The Confusion Matrix & Precision-Recall Tradeoff
What's on this page
The confusion matrix and the precision-recall chart help you assess your model’s accuracy.
Confusion Matrix
Let’s say you’re thinking about giving an extra sugar cube to customers who are likely to return. But of course you want to avoid giving out sugar cubes unnecessarily, so you only give them to customers that the model says are at least 30% likely to return.
If you had some new customers walk by…
| CustomerID | Age | Gender |
|---|---|---|
| … | … | … |
| 324 | 54 | Female |
| 325 | 23 | Female |
| 326 | 62 | Male |
| 327 | 15 | Female |
| … | … | … |
…you could use our regression model to predict how likely they’d be to return…
| CustomerID | Age | Gender | Model-estimated likelihood of return |
|---|---|---|---|
| … | … | … | … |
| 324 | 54 | Female | 34% |
| 325 | 23 | Female | 24% |
| 326 | 62 | Male | 65% |
| 327 | 15 | Female | 7% |
| … | … | … | … |
…and decide to classify customers with at least 30% likelihood as “Will return” and give them sugar cubes:
| CustomerID | Age | Gender | Model-estimated likelihood of return | Model prediction (30% cutoff) |
|---|---|---|---|---|
| … | … | … | … | … |
| 324 | 54 | Female | 34% | Will return |
| 325 | 23 | Female | 24% | Won’t |
| 326 | 62 | Male | 65% | Will return |
| 327 | 15 | Female | 7% | Won’t |
| … | … | … | … | … |
To better understand how accurate our model is, though, you can apply the model to the datapoints you already have, where you already know if that customer eventually returned…

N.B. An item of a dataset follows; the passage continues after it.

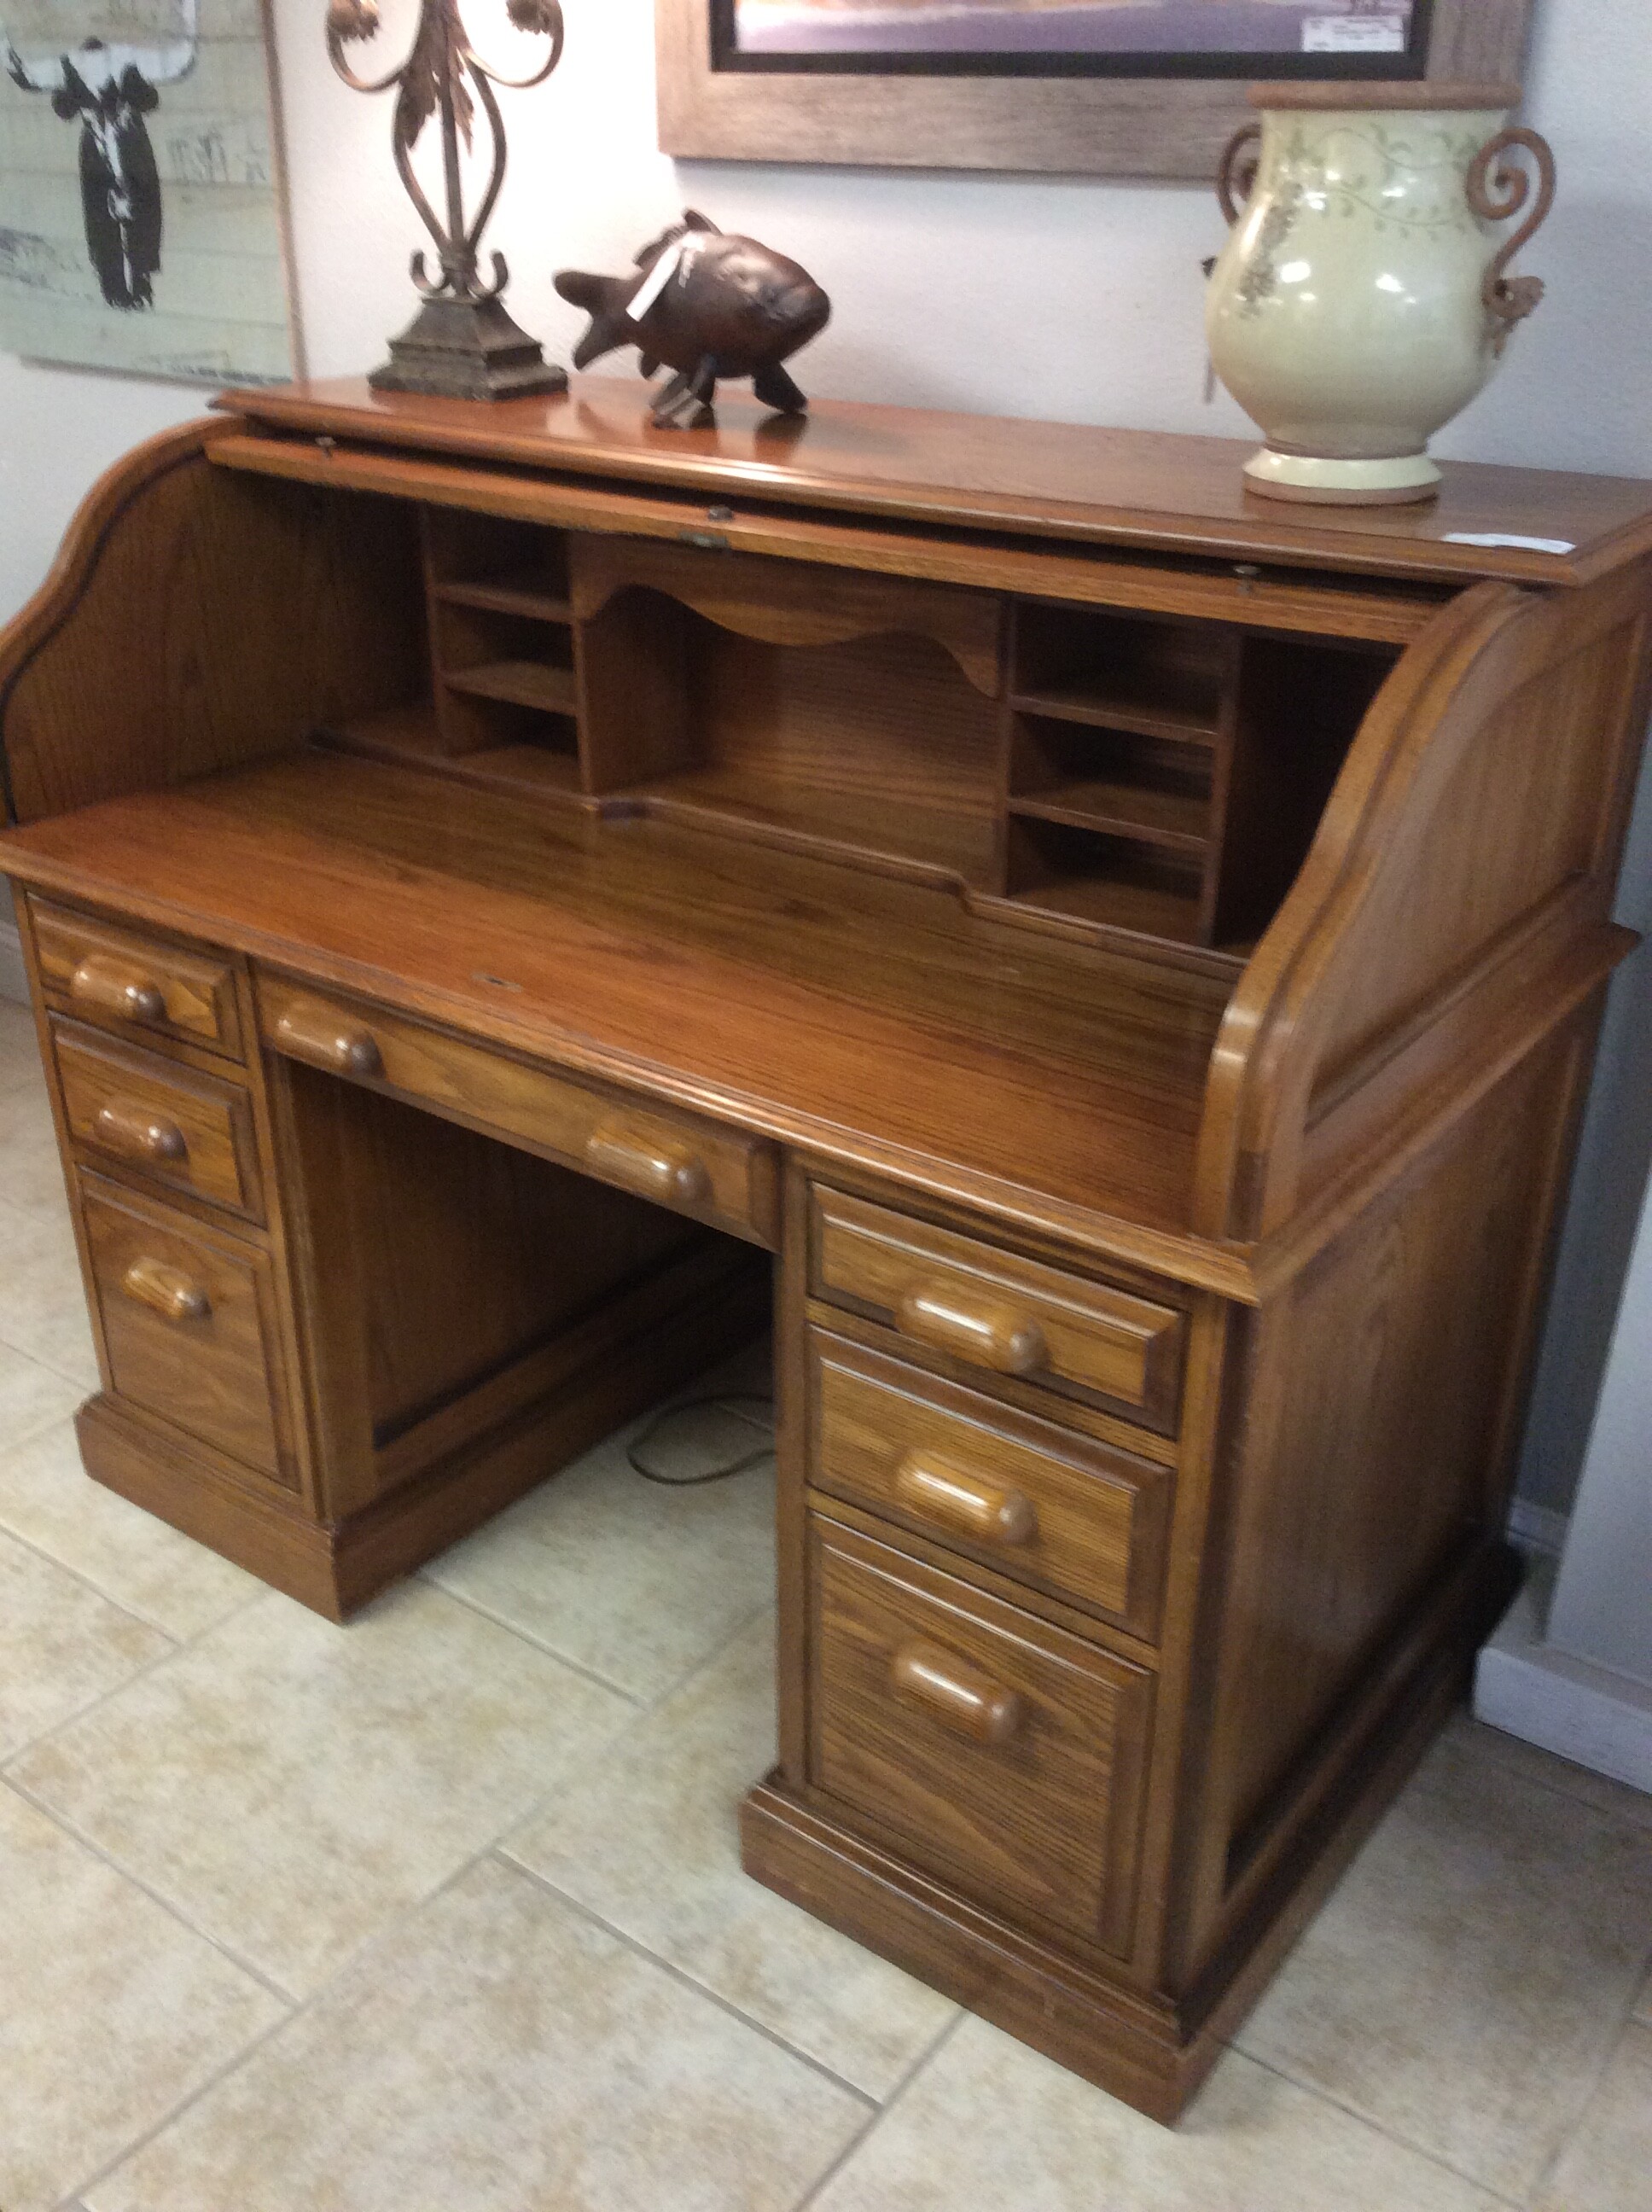 This is a beautiful Oak Rolltop desk in great condition.
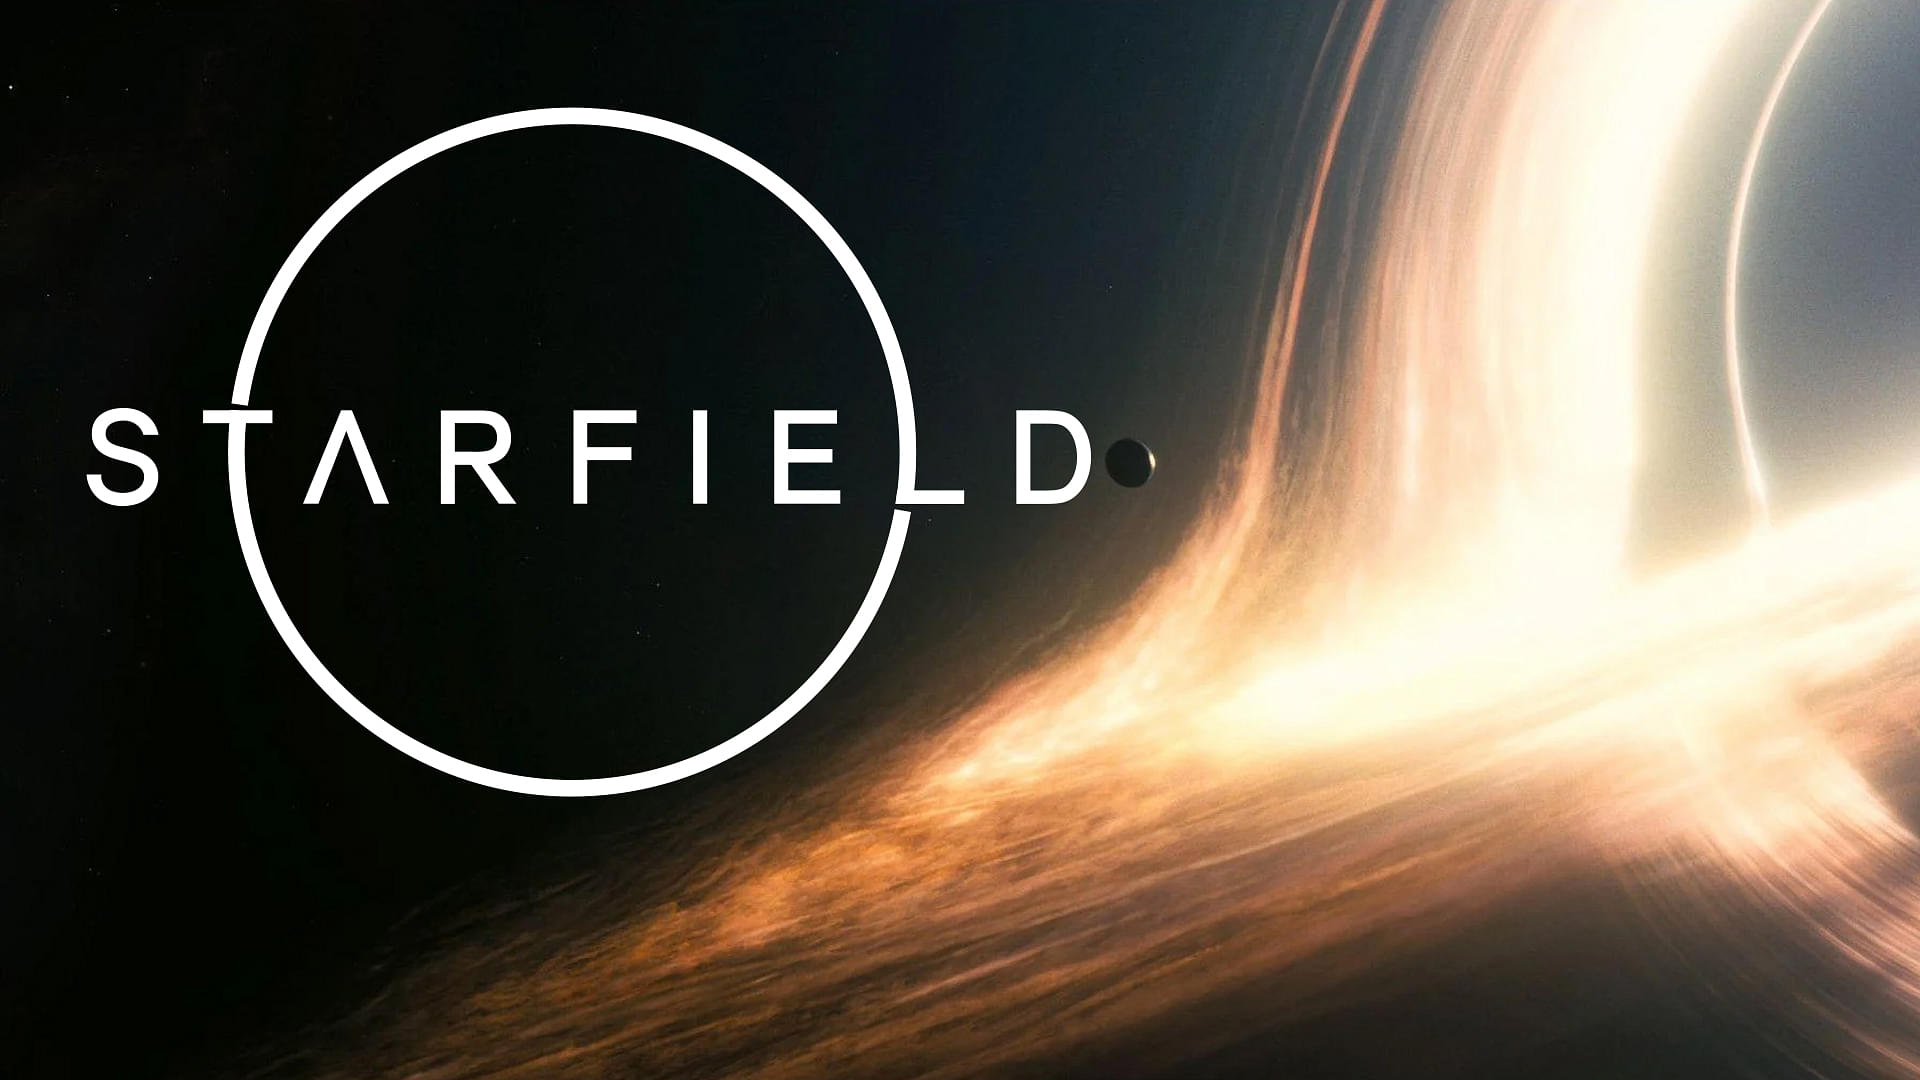 An image showing an image of a black hole with the logo of Starfield on left

| CustomerID | Age | Gender | Model-estimated likelihood of return | Model prediction (30% cutoff) | Returned |
|---|---|---|---|---|---|
| 1 | 21 | Male | 44% | Will return | Returned |
| 2 | 34 | Female | 4% | Won’t | Returned |
| 3 | 13 | Female | 65% | Will return | Didn’t |
| 4 | 25 | Female | 27% | Won’t | Didn’t |
| … | … | … | … | … | … |
…and assess how accurate the data is…
| CustomerID | Age | Gender | Model-estimated likelihood of return | Model prediction (30% cutoff) | Returned | Prediction accuracy |
|---|---|---|---|---|---|---|
| 1 | 21 | Male | 44% | Will return | Returned | Correct |
| 2 | 34 | Female | 4% | Won’t | Returned | Incorrect |
| 3 | 13 | Female | 65% | Will return | Didn’t | Incorrect |
| 4 | 25 | Female | 27% | Won’t | Didn’t | Correct |
| … | … | … | … | … | … | … |
…and then further break that down into the following categories:
- True Positive: Classified by the model as “Will return” and had in fact “Returned” in reality.
- False Positive: Classified by the model as “Will return” but actually “Didn’t return” in reality.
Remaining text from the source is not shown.